I have just started using SSE and I am confused how to get the maximum integer value (max) of a __m128i. For instance:

__m128i t = _mm_setr_ps(0,1,2,3);
// max(t) = 3;

Searching around led me to MAXPS instruction but I can't seem to find how to use that with "xmmintrin.h".

Also, is there any documentation for "xmmintrin.h" that you would recommend, rather than looking into the header file itself?

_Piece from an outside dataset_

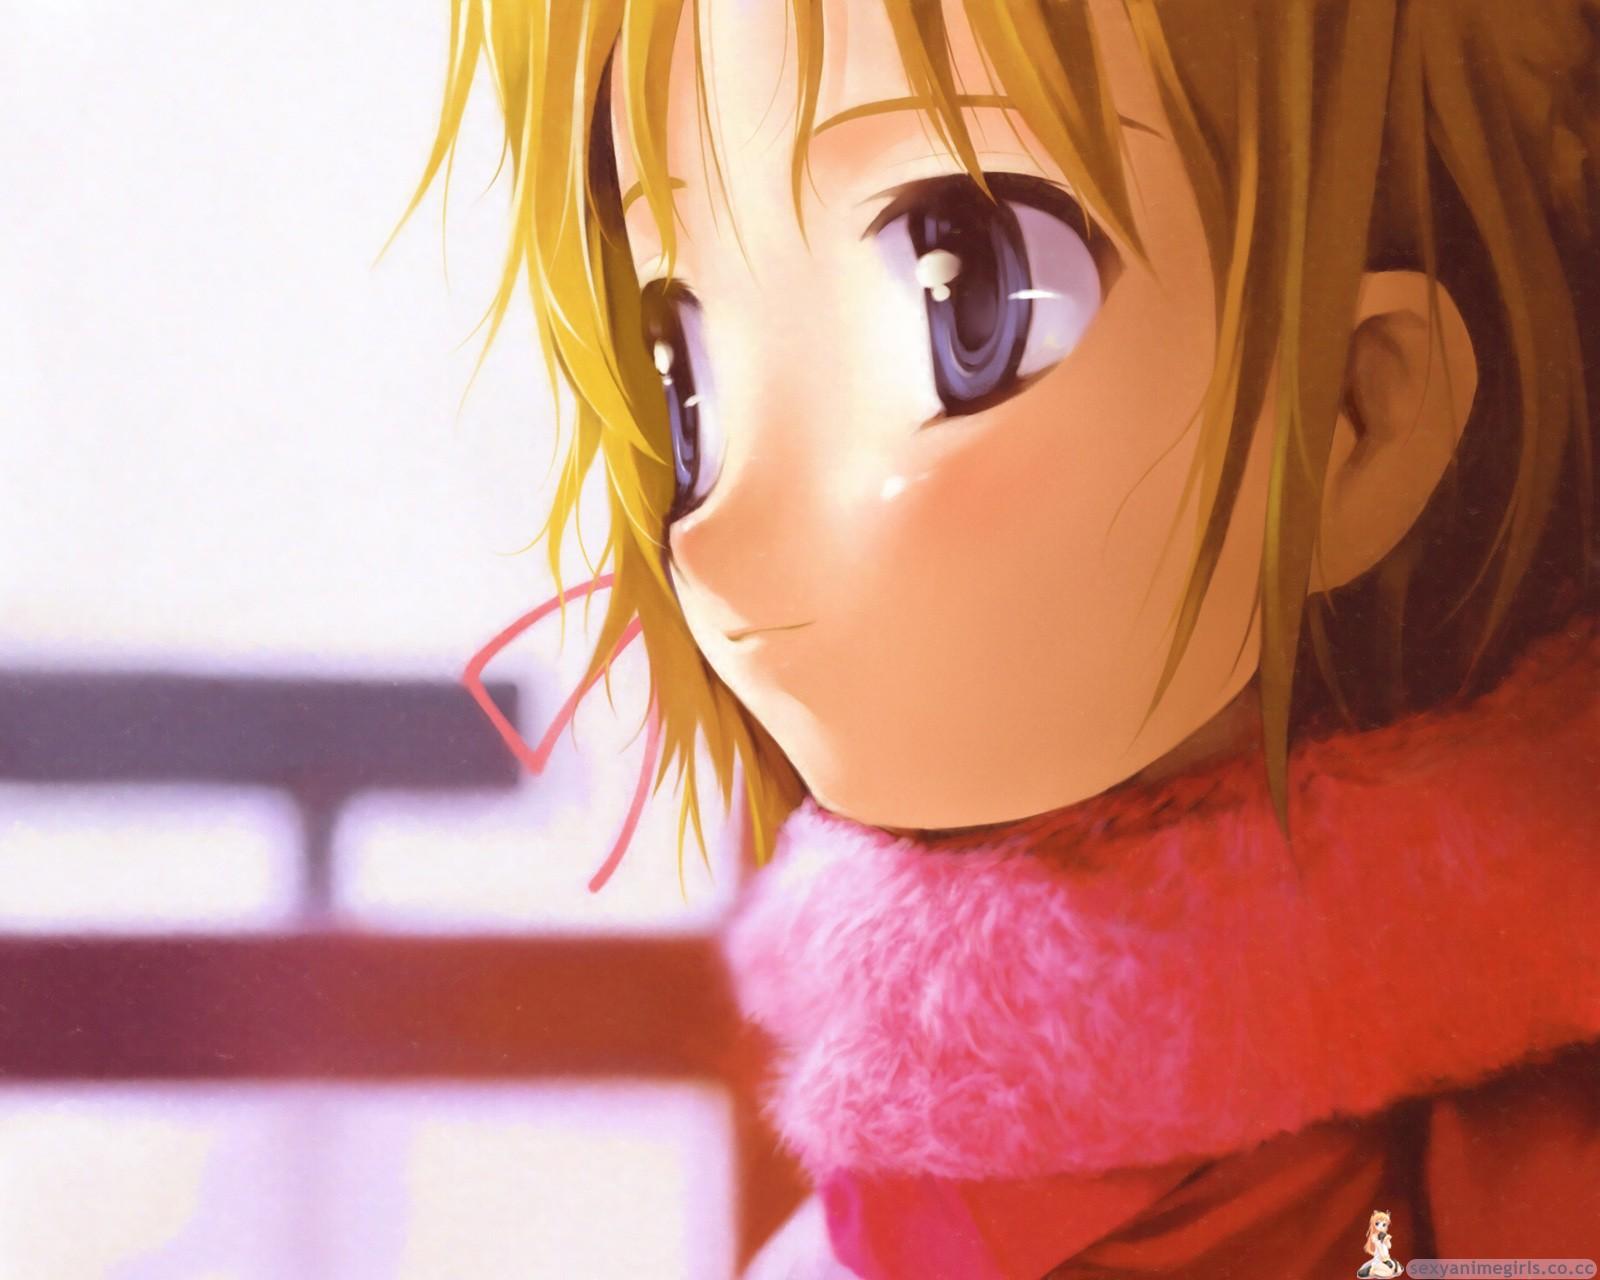 http://4.bp.blogspot.com/-H0OwFKUzgWw/UAxWNkKGbzI/AAAAAAAADAU/0AT7_AWPLRI/s1600/Cute+Anime+Girl.jpg

Godfearing answered 26/3, 2012 at 18:32 Comment(2)
The shuffles you need are the same as for a horizontal sum, or pretty much any other horizontal reduction. See stackoverflow.com/questions/6996764/… for some optimized versions for float, integer, and double, with SSE2, SSE3, and AVX. Also discussion of what shuffles are optimal on which CPUs.Behn
This question seems to be confused about float vs. integer. __m128i is an integer vector. *_ps and MAXPS are packed-single float. For documentation, see the SSE tag wiki for links, and many more links at stackoverflow.com/tags/x86/info. One very good resource is Intel's intrinsics search/finder which has details on what each one does, but not as much detail as in the asm instruction reference manual.Behn
C
11

If you find yourself needing to do horizontal operations on vectors, especially if it's inside an inner loop, then it's usually a sign that you are approaching your SIMD implementation in the wrong way. SIMD likes to operate element-wise on vectors - "vertically" if you like, not horizontally.

As for documentation, there is a very useful reference on intel.com which contains all the opcodes and intrinsics for everything from MMX through the various flavours of SSE all the way up to AVX and AVX-512.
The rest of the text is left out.